Pagina per Luca, in Roma. L’impero per immagini, Istituto Centrale per la Grafica, Palazzo Poli, Roma, 27 marzo – 3 maggio 2015

Luca Campigotto ama la poesia, e certo ponendosi di fronte ai monumenti della romanità ha scelto di distillare prima di tutto una condizione affettiva, il senso di un’esperienza singolare e irripetibile, condividendo con i vagabondaggi romani di Petrarca “spazioso prospetto, silenzio ed amica solitudine”.

Campigotto, Colosseo

Campigotto, Colosseo

È, questa, d’altronde l’unica chiave per sottrarre questi luoghi dalla gromma stratificatissima di sguardi en touriste, di stereotipizzazioni variamente consapevoli, che proprio la loro importanza storica ha accumulato sino a farsene assediare.

Campigotto non agisce raffreddando il proprio sguardo in distanza documentaristica. Men che meno si fa coinvolgere da retoriche rovinistiche. È ben vero, con Chateaubriand, che “tutti gli uomini hanno una segreta attrazione per le rovine”, e che, per citare la frase celeberrima di Francesco Albertini, 1510, “nam quanta Roma fuit ipsa ruina docet”: ma ritrovare una condizione sorgiva di stupore, che la memoria e la cultura (e con esse la filigrana mitica, e i trascorrimenti fantastici possibili) alimentino ma non circoscrivano, è ragione diversa di visione, che con rigore difficile l’autore filtra all’essenza.

Dunque Campigotto si inerpica sulla montagna dei saputi, delle memorie e degli stereotipi sino a non vedere null’altro che ciò che lo sguardo nudo definisce e risentire l’emozione asciutta e potente di quell’incontro, ultimo e primo insieme. Che è, il viaggio svolgendosi nell’idea di Roma, l’incontro con la bellezza per antonomasia, mentre l’intelletto ragiona sul fatto che proprio queste sono le matrici della nostra stessa idea di bellezza.

Campigotto, Acquedotto di Los Milagros, Mérida

Campigotto, Acquedotto di Los Milagros, Mérida

Egli si pone, solo, di fronte ai monumenti, anch’essi solitari e straniati in una condizione luminosa non ordinaria. La sua scommessa è lo scarto brusco – ma appartato, silenzioso, non declamato – dalla burocrazia del rappresentare, così come dall’esibizione della meraviglia da fattoide estetico cui siamo adusi.
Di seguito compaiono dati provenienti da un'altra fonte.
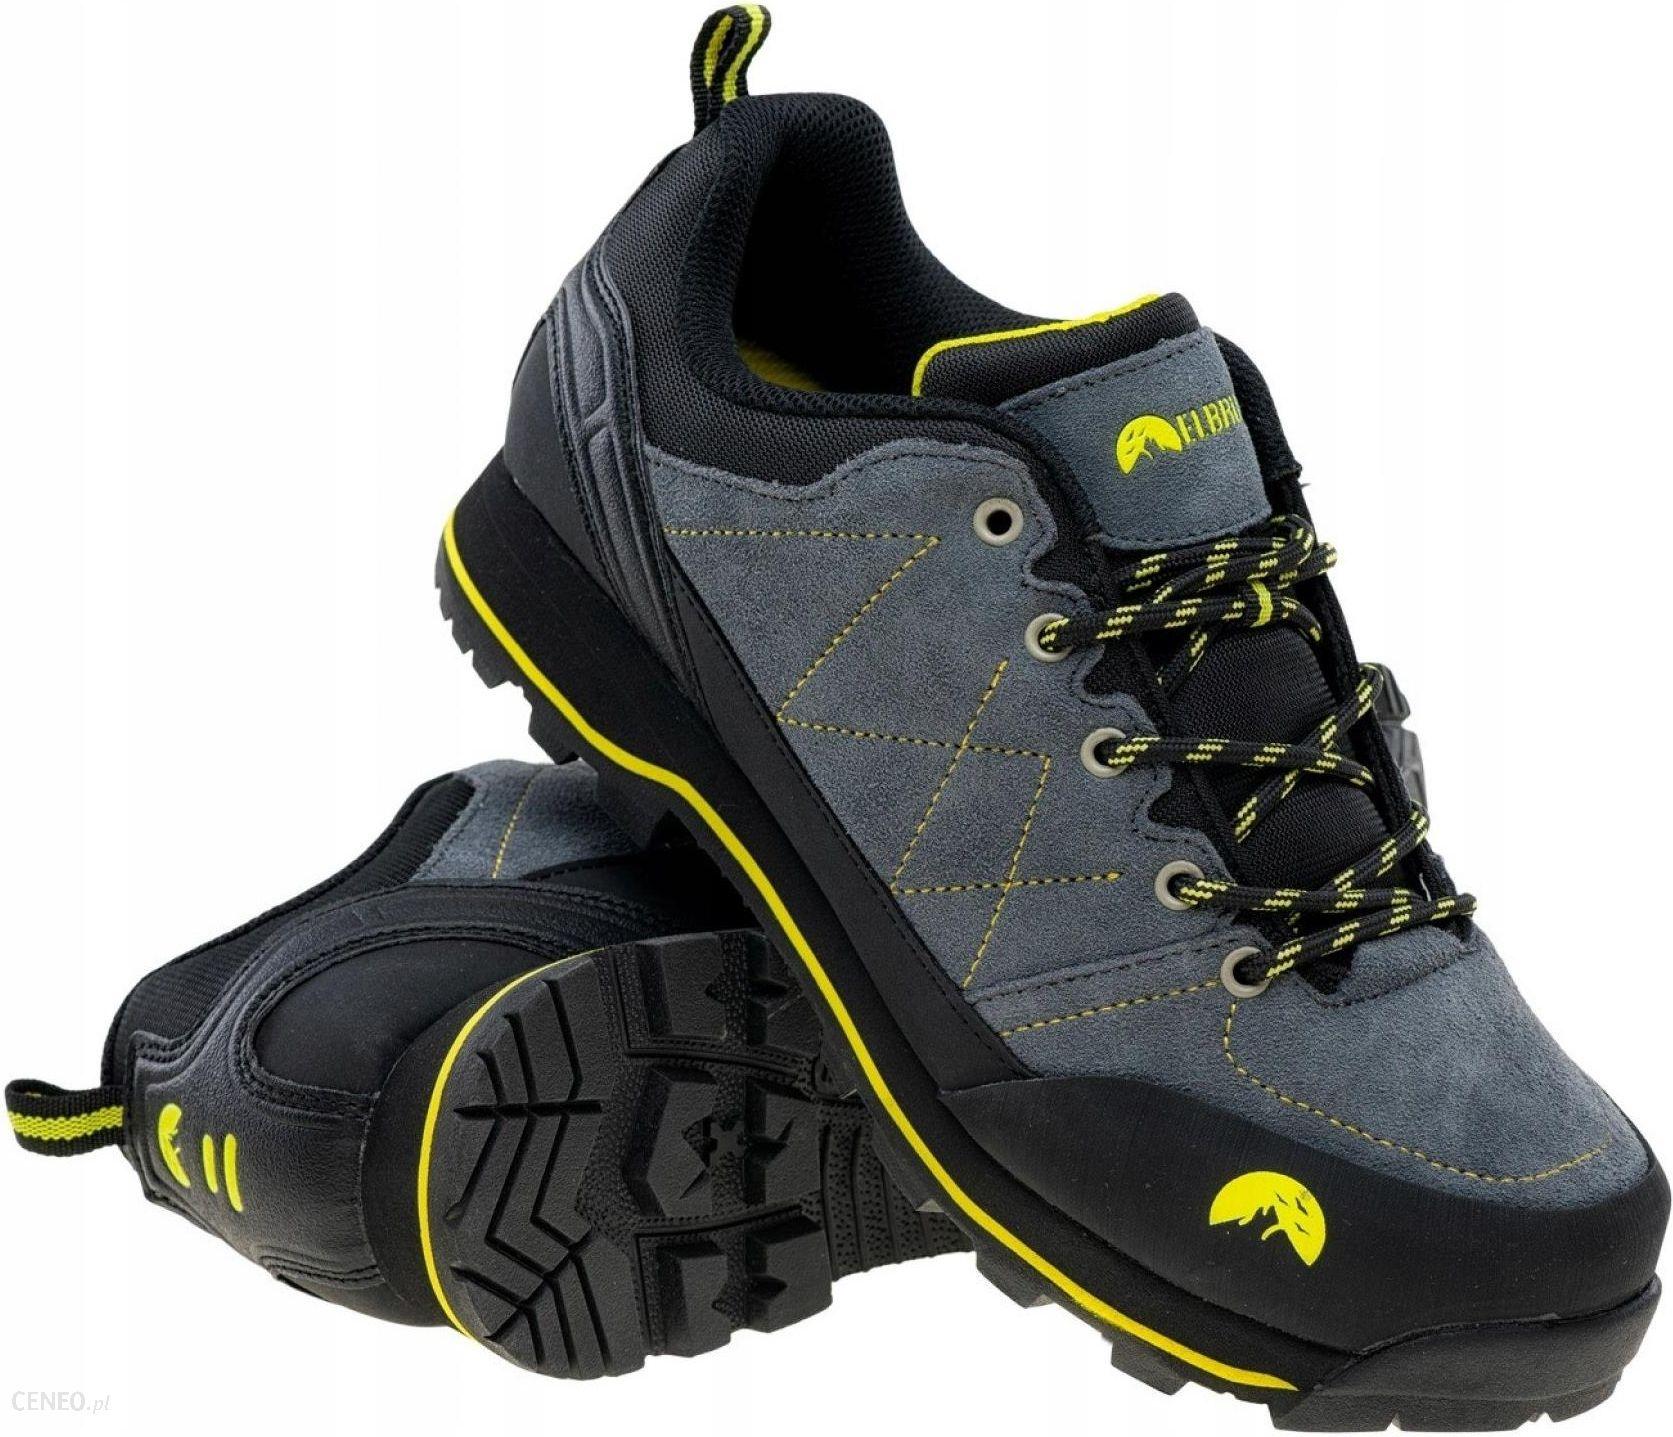 Buty Trekkingowe Elbrus Tilbur Steel Grey Black Lime 4665 Ceny I Opinie Ceneo Pl

Altra è la maraviglia di cui è in cerca, che gli si manifesta nel tempo concentratissimo dell’esperienza dello sguardo, nel tempo separato dello scrutinio, dello scatto, dell’elaborazione in cui, dantescamente, “con lo intelletto vedere”: all’incrocio tra la storicità tramata di segni e narrazioni coagulata, ma ancor viva, nel documento e la straordinaria intensificazione del suo stesso sapersi esistere, in quel luogo, in quel momento.
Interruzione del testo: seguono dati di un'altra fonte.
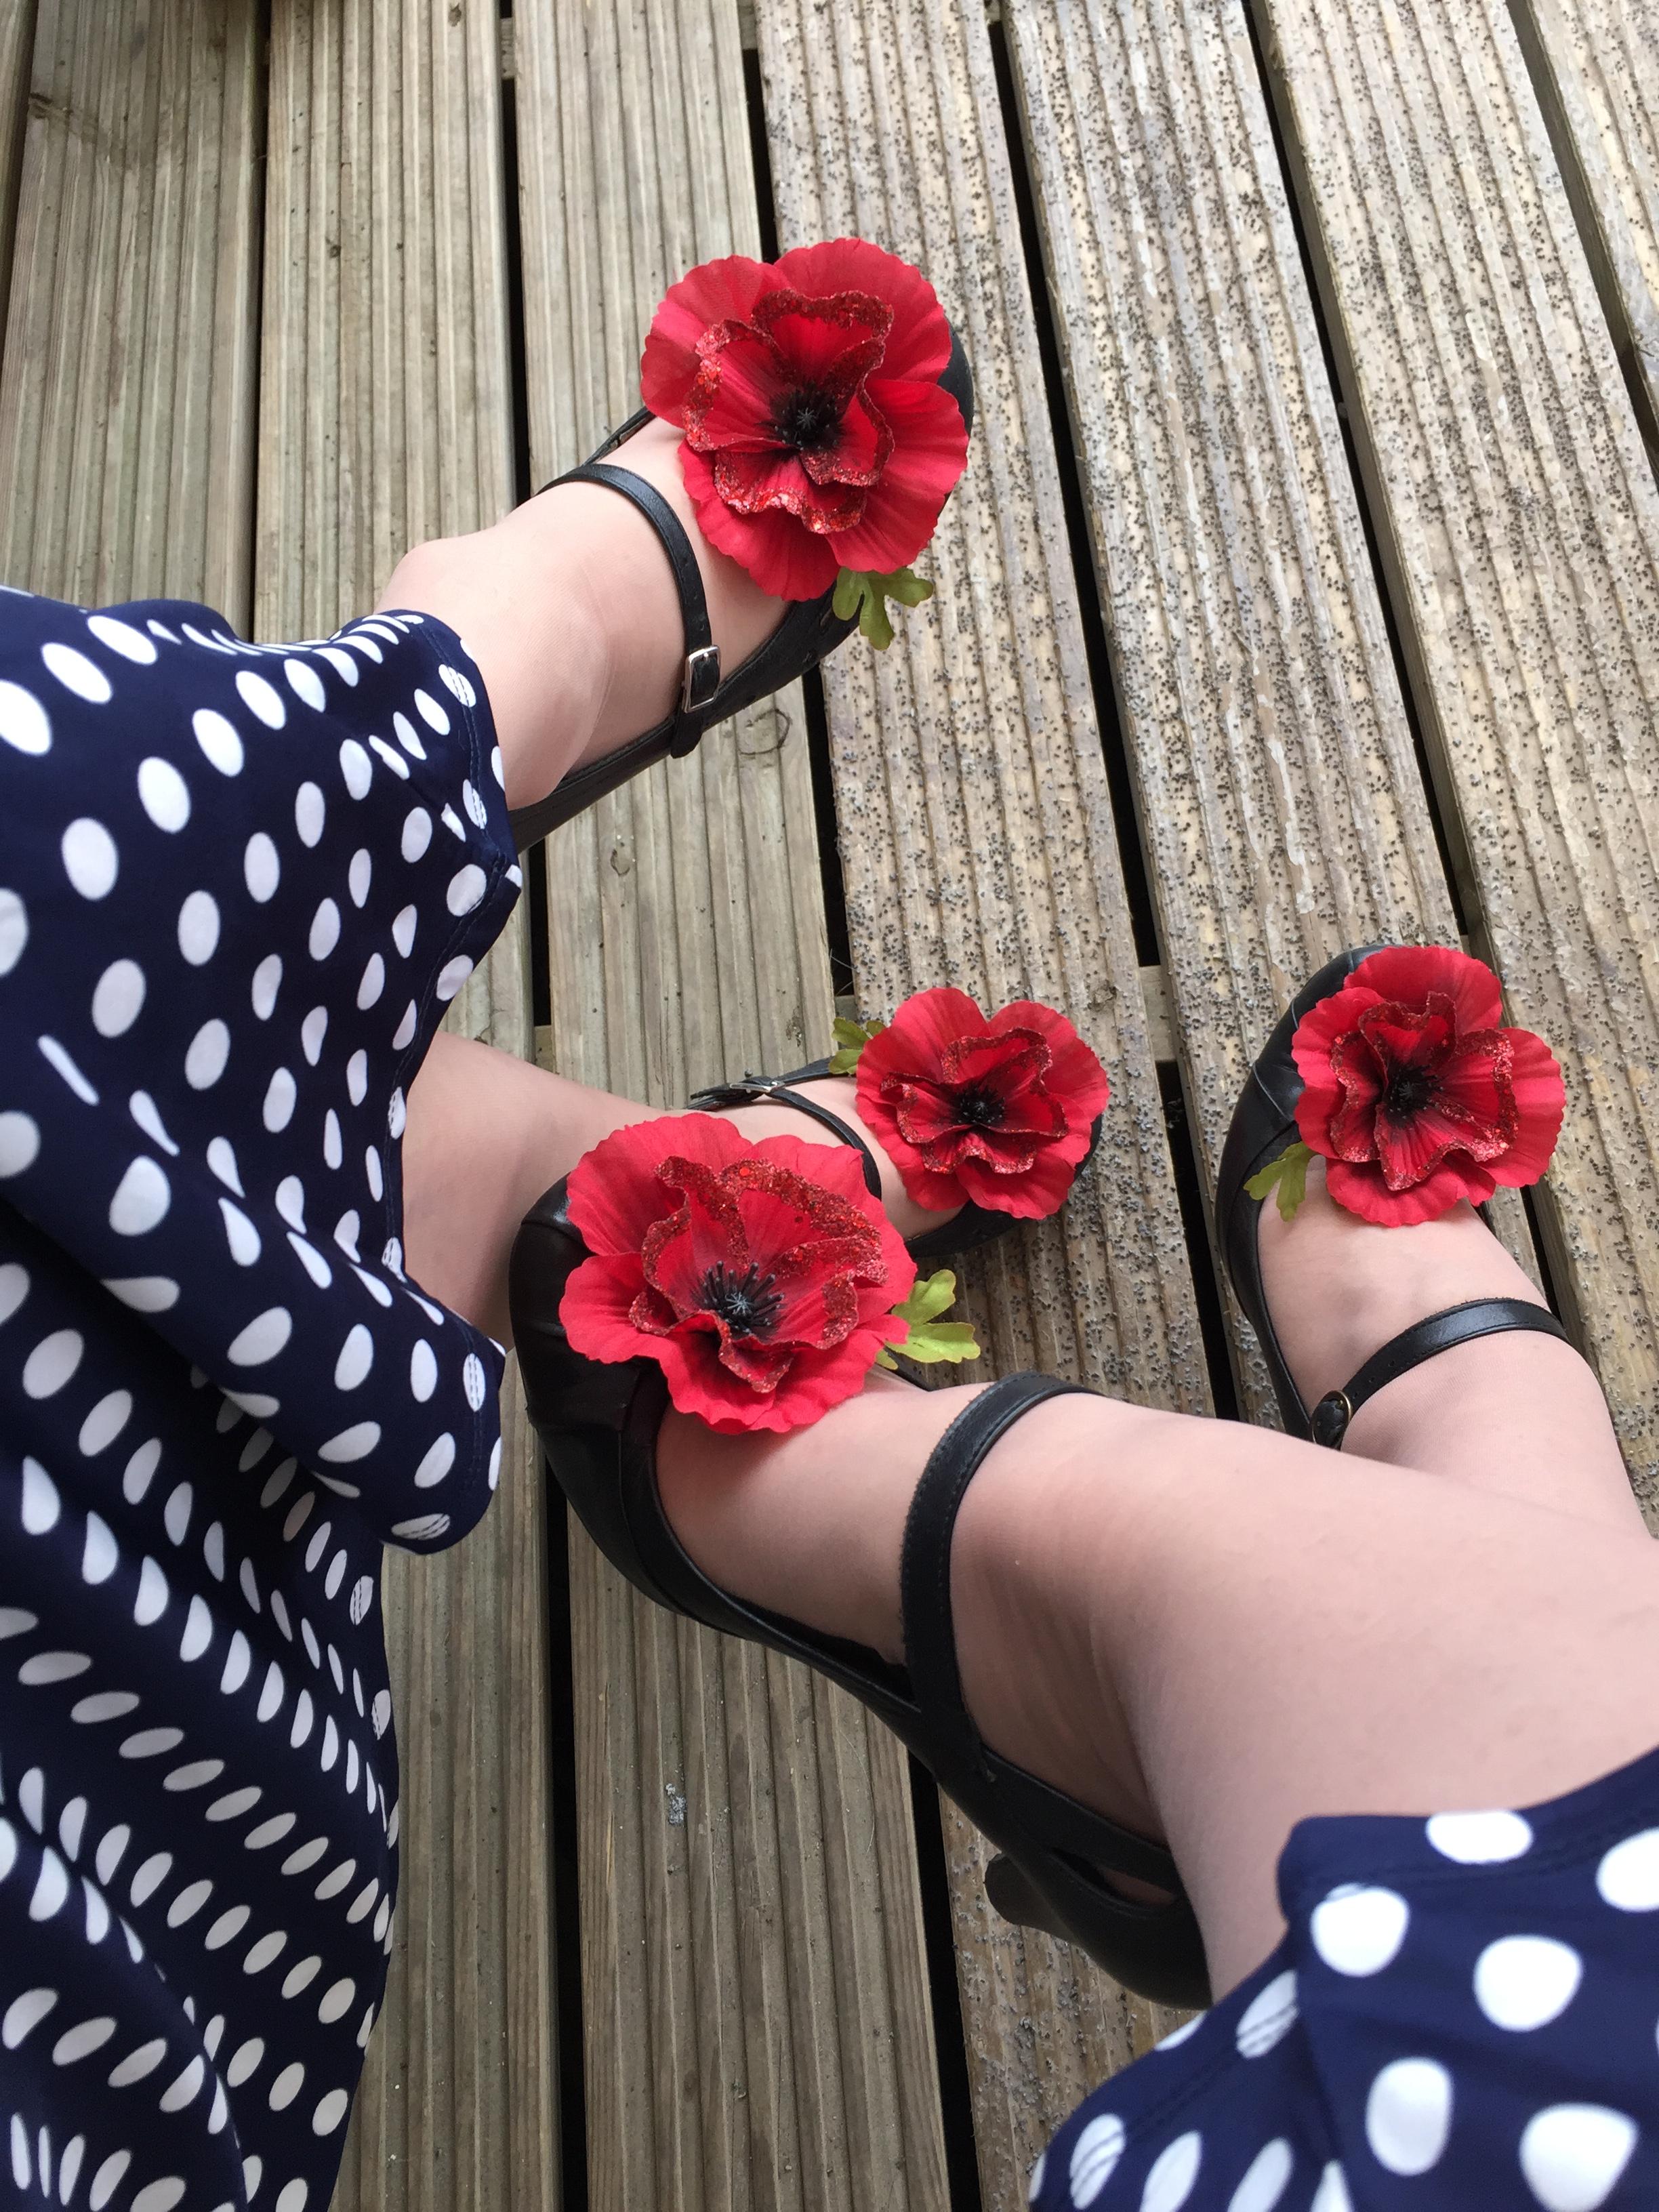 Every shoe needs a poppy

“La fotografia è la mia macchina del tempo”, ha scritto Campigotto. A patto di ben intendere che il suo è lo sguardo altro di un altro tempo, quello della soggettività che egli mette in gioco ad ogni tappa del suo viaggiare teoricamente illimite perché egli sa bene, con Juan Ramón Jiménez, che “lo infinito / está dentro”.